May 14, 2011 at 2:38 PM | Unregistered CommenterShub

@Bomber_the_ cat

This Geoffrey Boulton uses the same email address as the one who sent UEA's Keith Briffa an email with a couple of allegations and told him:

A detailed account on which this allegation is based has been presented to us and is given in the annex to this letter.

Only it was not. What Boulton sent Briffa was only 25%of the submission that the Review had received, but not published. Without indicating that anything had been redacted, Boulton removed from what he sent to Briffa all the the important references to evidence in the public domain and made undisclosed cunning changes to what was left to make it possible for Briffa to construct a plausible rebuttal.

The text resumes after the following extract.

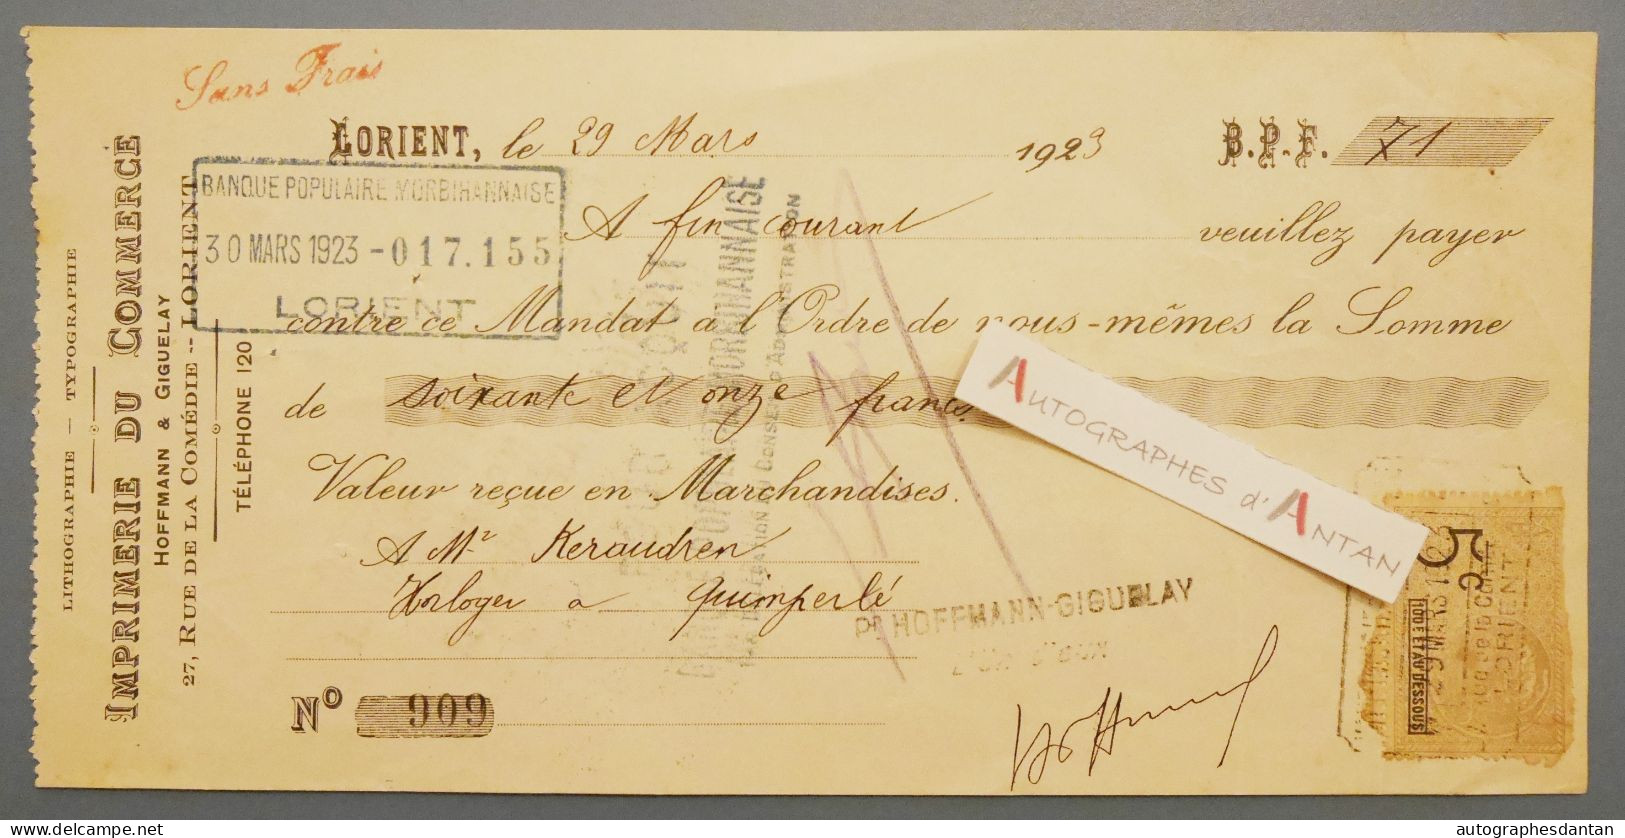 ● Lorient 1923 Imprimerie Du Commerce à M Keraudren Horloger à Quimperlé - Mandat Lettre De Change - Lettres De Change

This same Geoffrey Boulton used this same Edinburgh University public authority email address for his Russell Review work and just days after the Review Report was published - deleted it all ensuring that it could not be disclosed under the Environmental Information Regulations.

Boulton's boss Russell then told a Commons Select Committee that Briffa and his colleagues had seen the submission in question, but did not tell them that it was only a a heavily massaged fraction that his team gave to UEA. He told MP's

The team went into that pretty carefully.

May 14, 2011 at 4:02 PM | Unregistered CommenterDavid Holland

Given Boulton's documented behavior - why is he still employed in any position?